I am trying to show up for myself every day instead of seeking refuge in my bed. I am trying to be consistent. I am trying out a new thing called content creation. I am working out at least 20 minutes a day. Somedays I do feel lazy but I still make myself do at least something. I have emotional breakdowns often and I get disappointed at my husband too for not being a good husband sometimes but then again, he is not in charge of my life. I can't simply expect that. I guess I am just trying to navigate through this mess called 'life.'
What made me realize is that without work there won't be any outcomes. I can't just simply sit on my ass all day and expect results. I have had enough of this. I moved to Canada in May 2024 and it is already February 2025. It is almost a year now. It is not fair to me that I sit idly and binge watch shows. I am at least not that privileged to do so.

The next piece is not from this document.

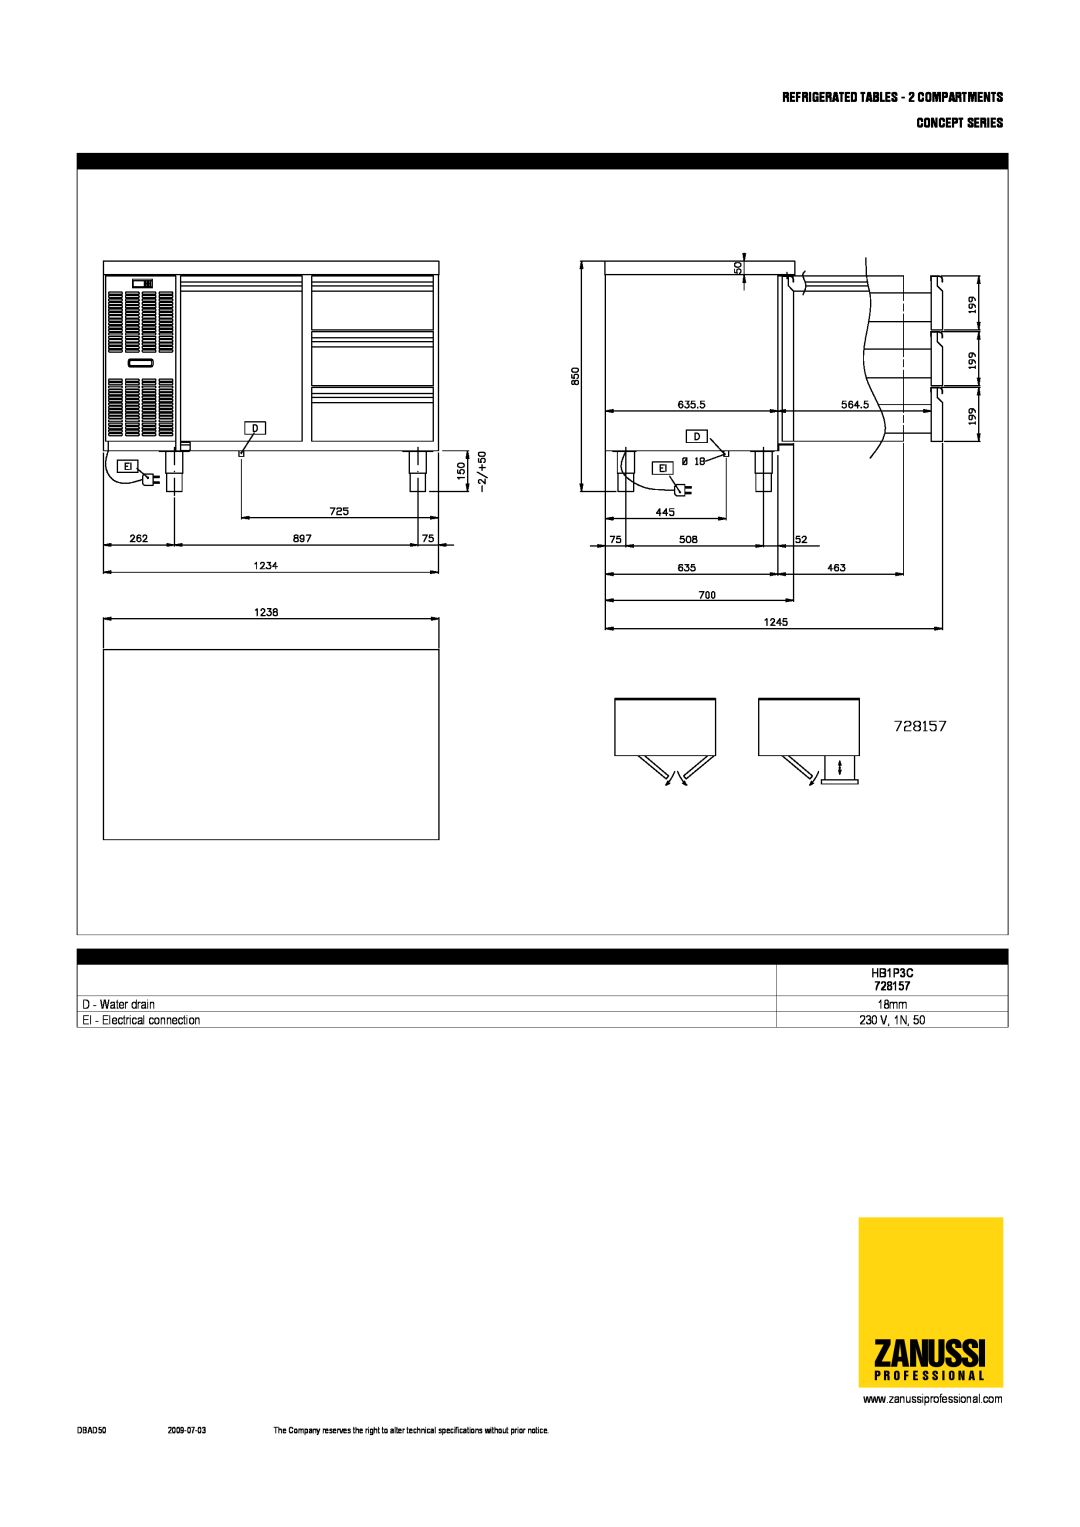 Zanussi HB2P Zanussi, REFRIGERATED TABLES - 2 COMPARTMENTS, Concept Series, HB1P3C, 728157, 18mm, P R O F E S S I O N A L

I am learning things about 'love' too. I am learning that you have to put on effort on yourself too to be loved. I am not saying it is a bad thing. We should reach to the best version of ourselves for the person we love. We deserve it to ourselves. We deserve ourselves to enjoy the best version of ourselves and to honour the love we have for other person. I did kind of stopped working on myself after marriage. I can either put the blame on my husband or actually take some accountability for it. One thing I equally like and dislike about him is that he will never sugarcoat things for me. He would openly and brutally criticize me, which made me toughen up. We did have our fights and issues but at the end of the day, we always know we love each other and that will not get affected. He made me see, I need a purpose and he is not wrong. I do.
So I am working on finding my purpose along with finding a job. I just have to start reading books again, work on self esteem, work on my diet, make myself tougher and better. I owe it to myself.